┌─ MATERIAL PROVIDED
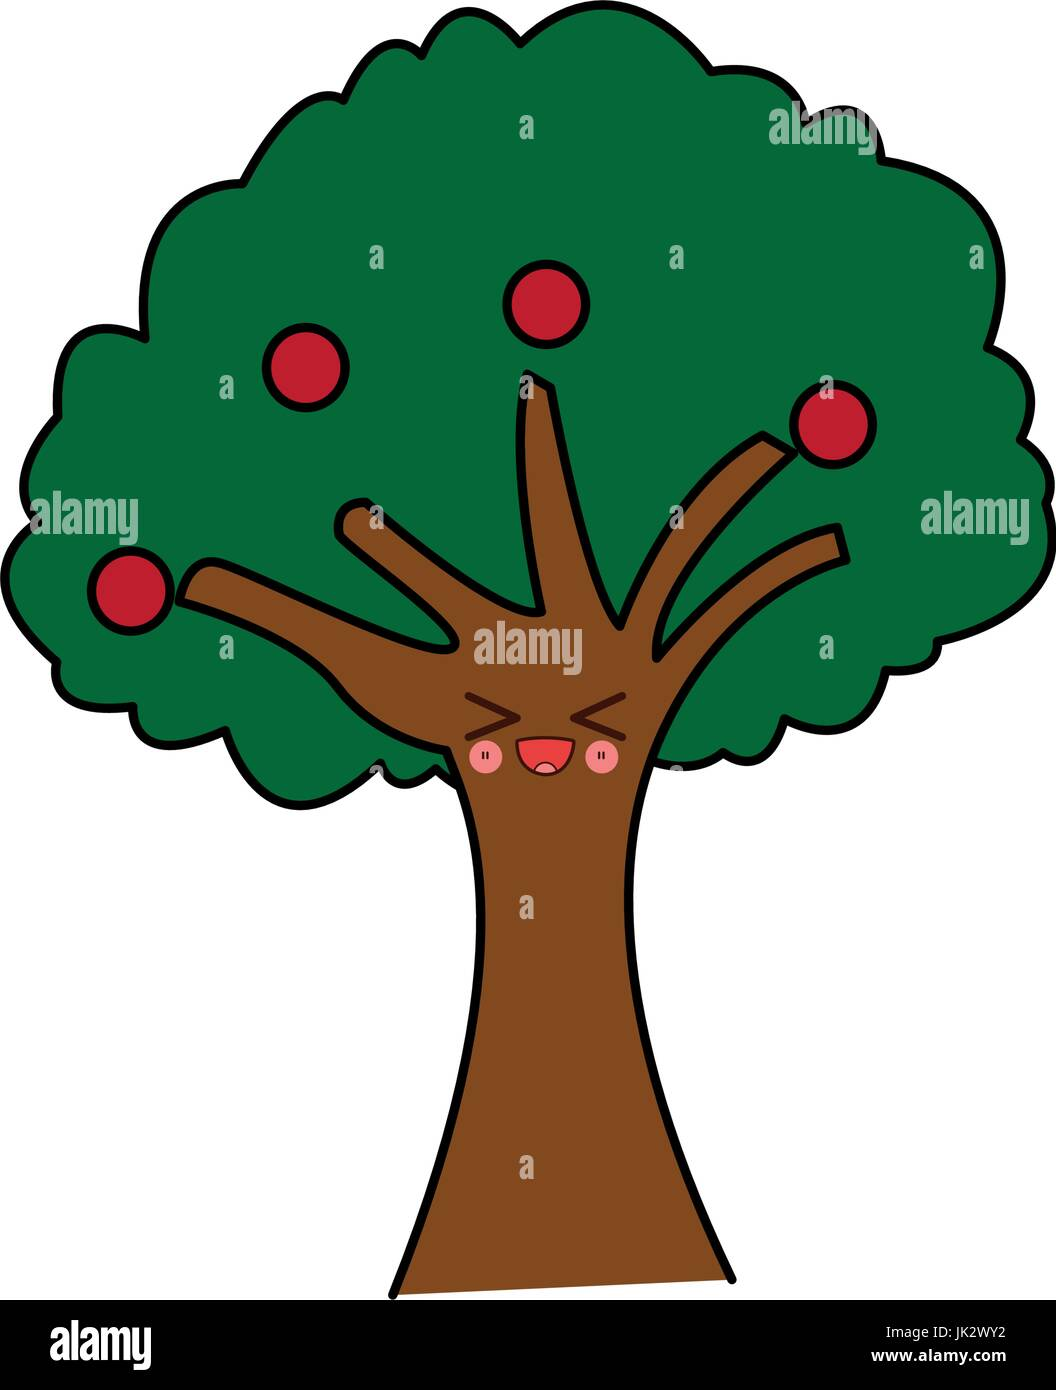 kawaii tree natural foliage branch fruits cartoon - Stock Vector
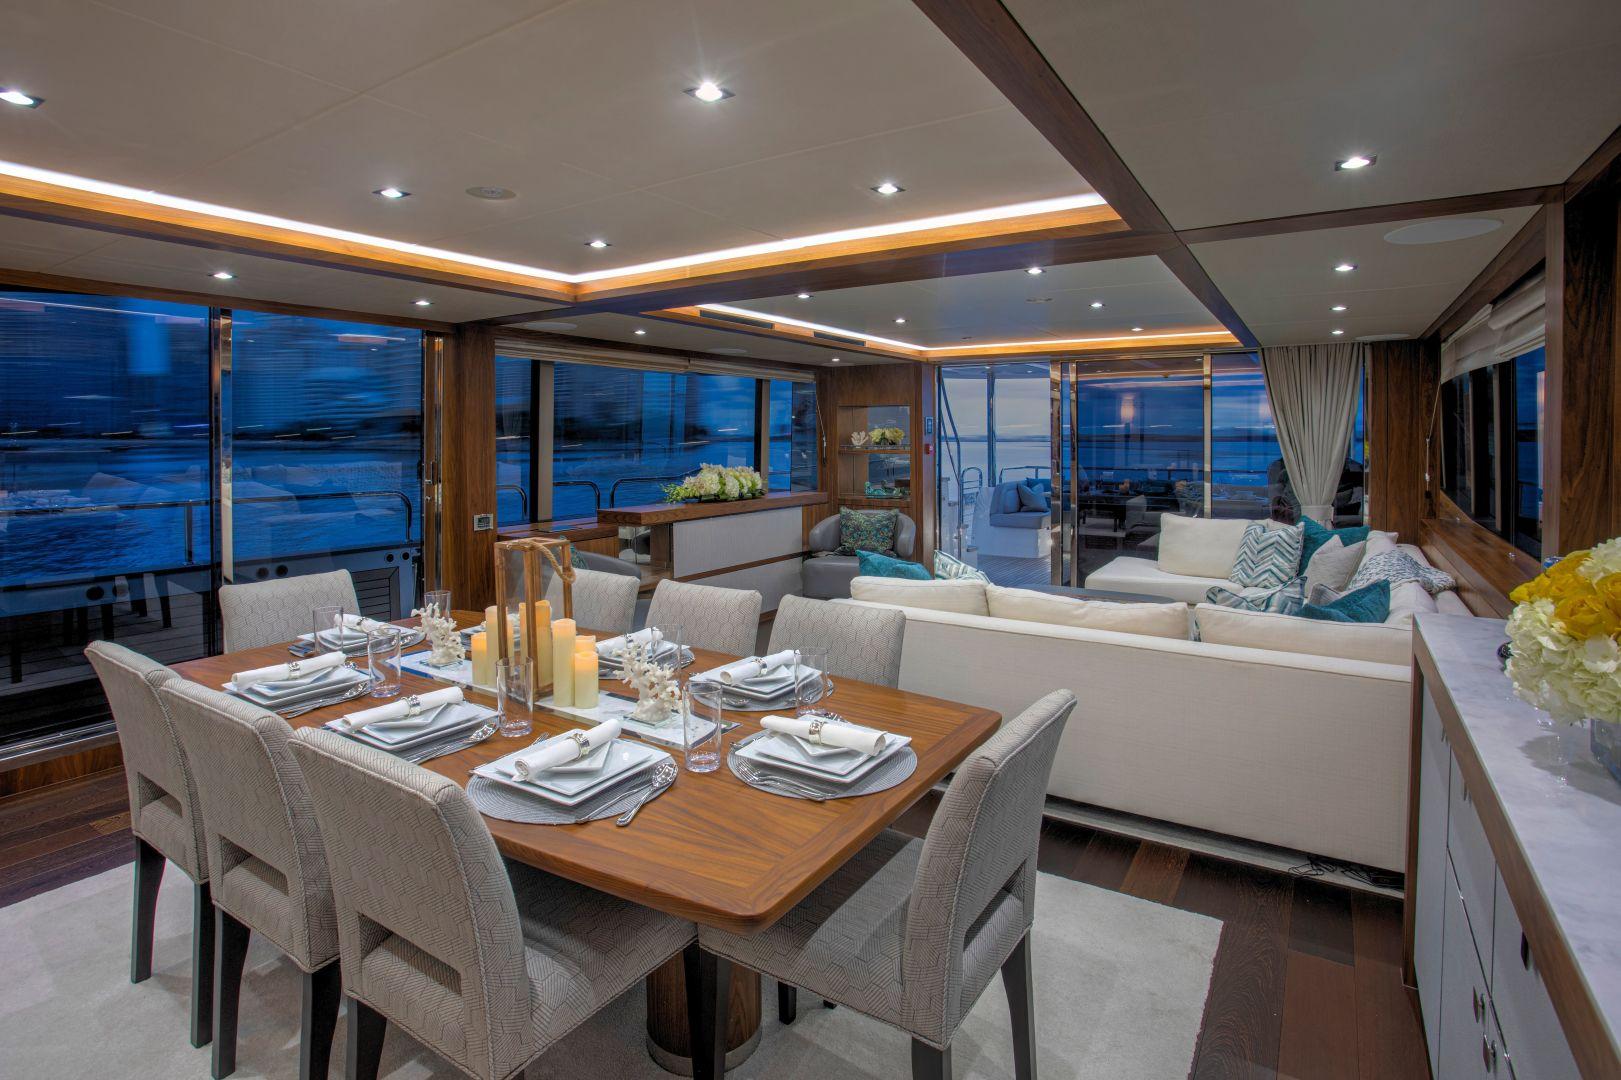 Sunseeker-95 Yacht 2017-Perseverance 3 Ft Lauderdale-Florida-United States-1400079   Thumbnail
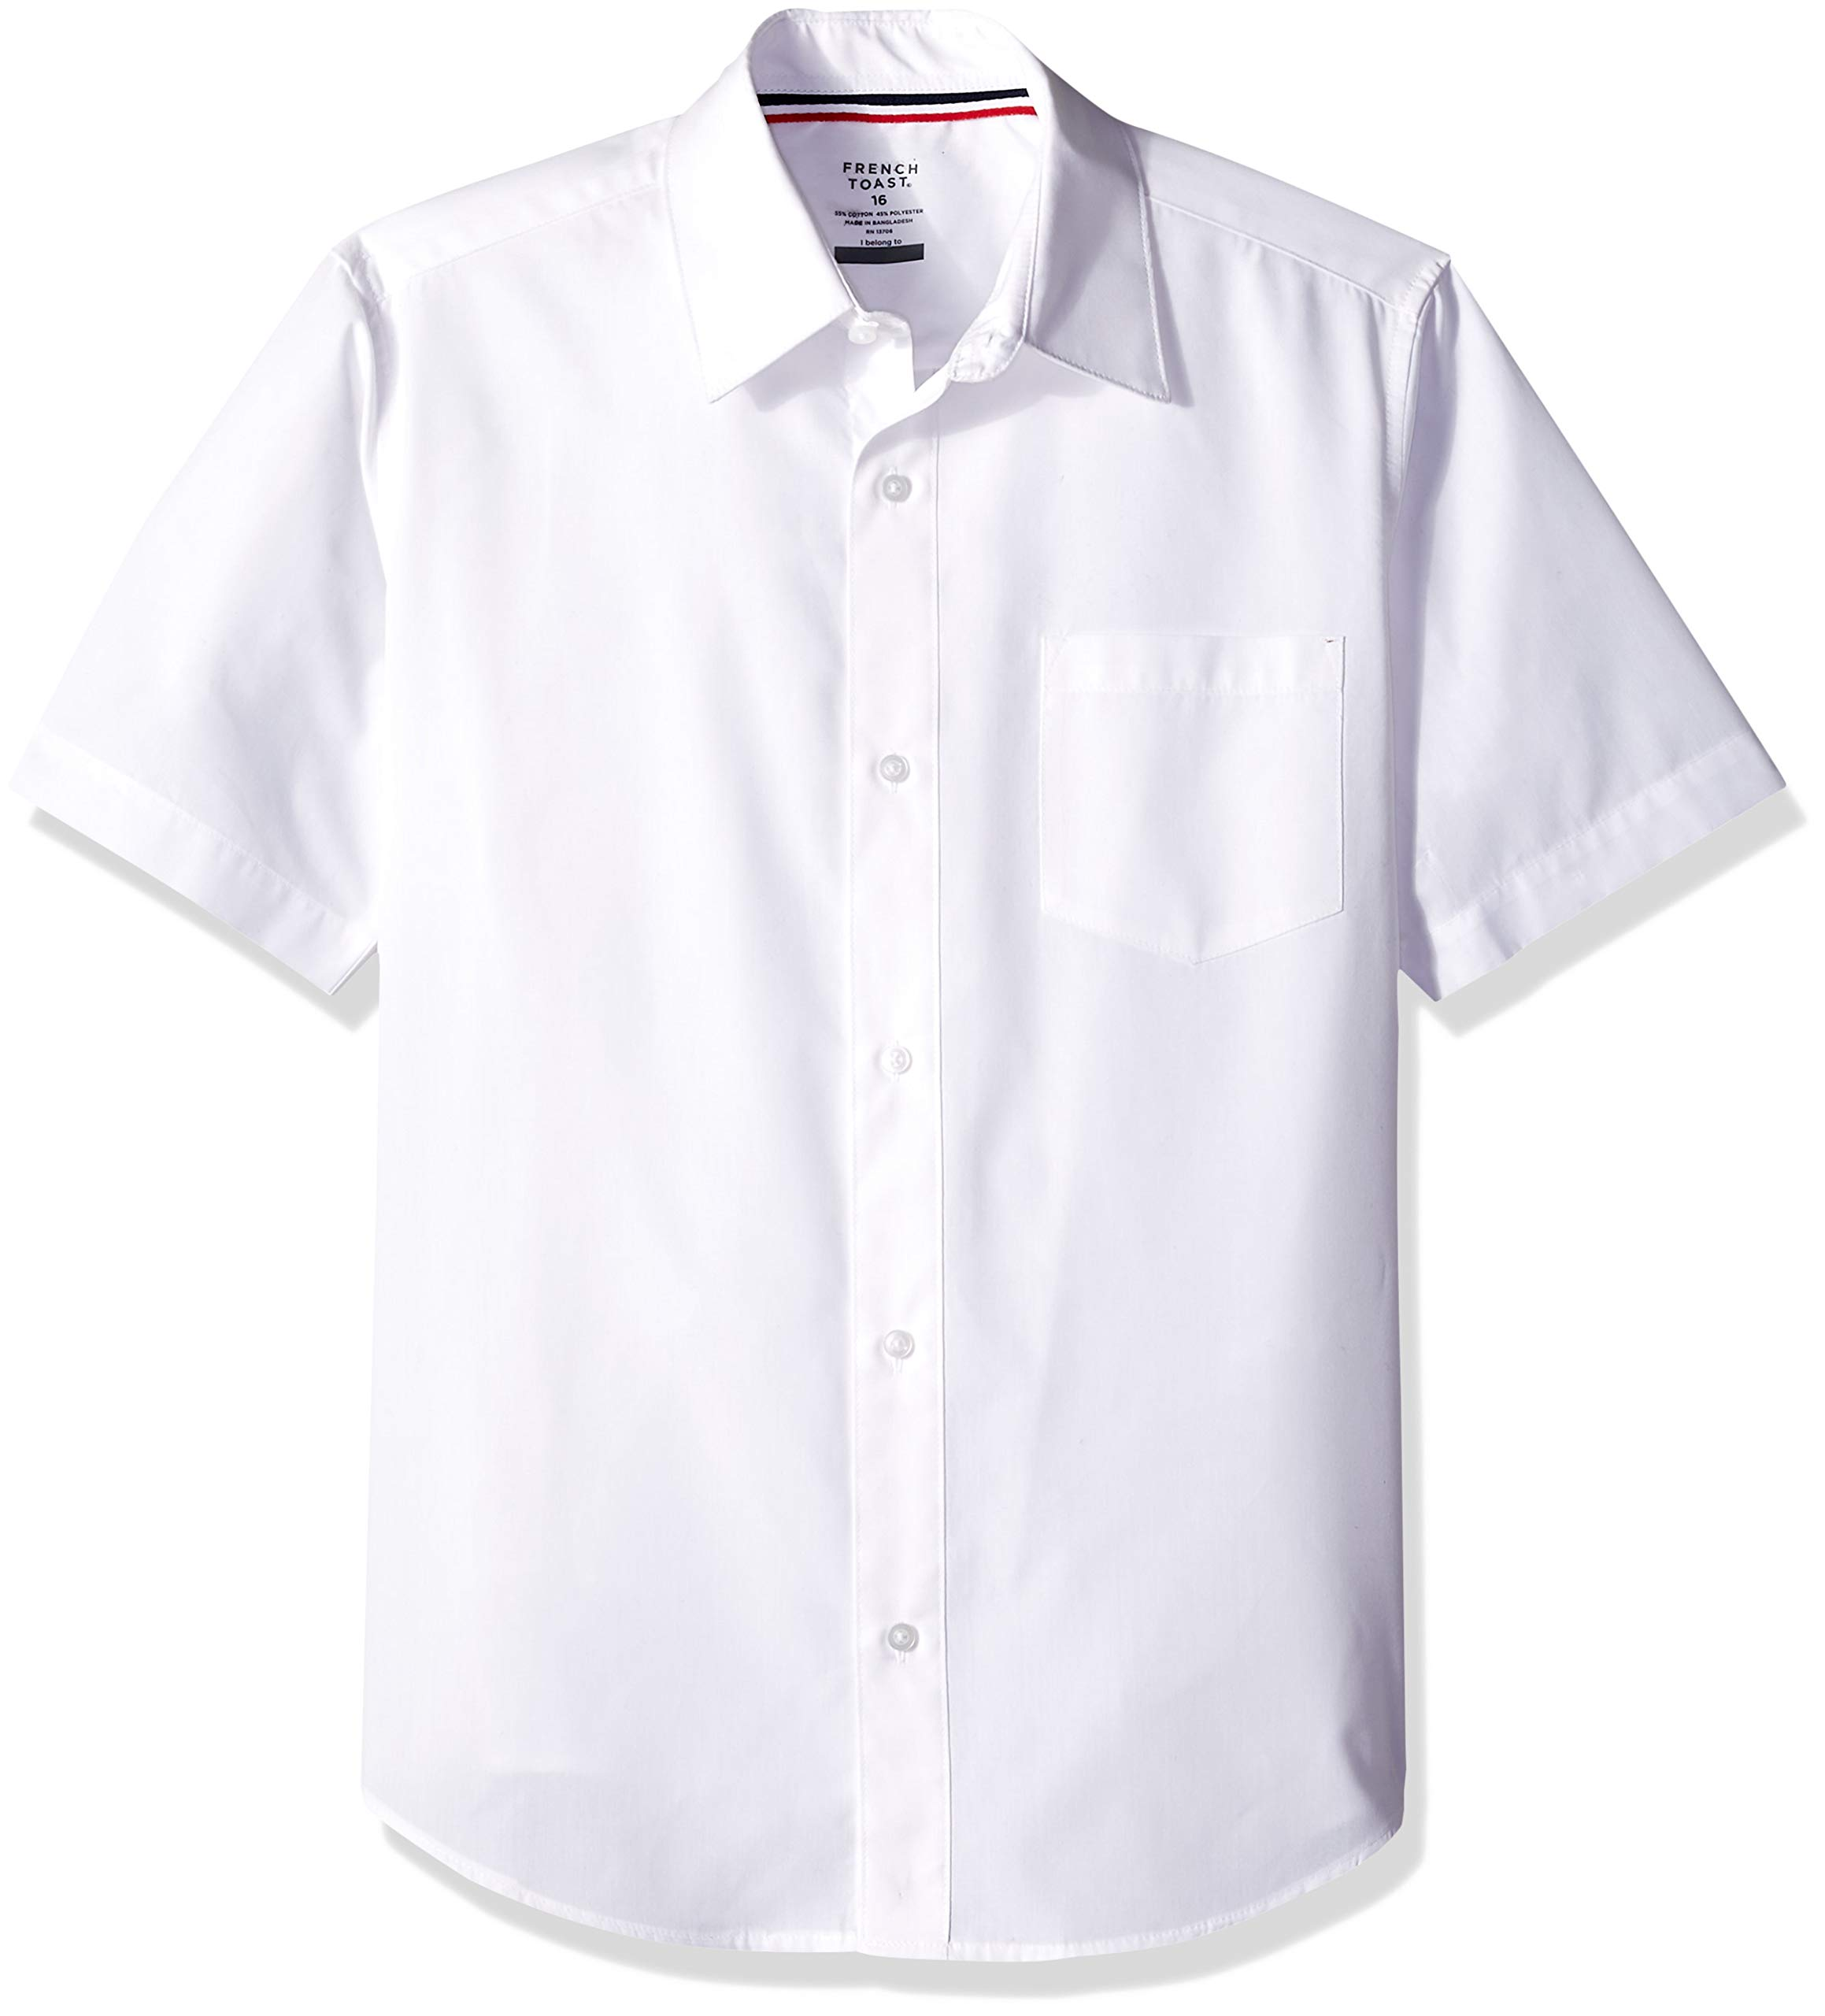 French Toast School Uniform Boys Short Sleeve Classic Dress Shirt, White, 10 Husky by French Toast (Image #1)
└─
**WORK TO BE COMPLETED:** The line with "Sunseeker-95 Yacht 2017-Perseverance" and each line after it, through the final line of the data, are to be duplicated exactly, with pictures left out and nothing more included.

**ANSWER BOX:**
 Sunseeker-95 Yacht 2017-Perseverance 3 Ft Lauderdale-Florida-United States-1400079   Thumbnail
 French Toast School Uniform Boys Short Sleeve Classic Dress Shirt, White, 10 Husky by French Toast (Image #1)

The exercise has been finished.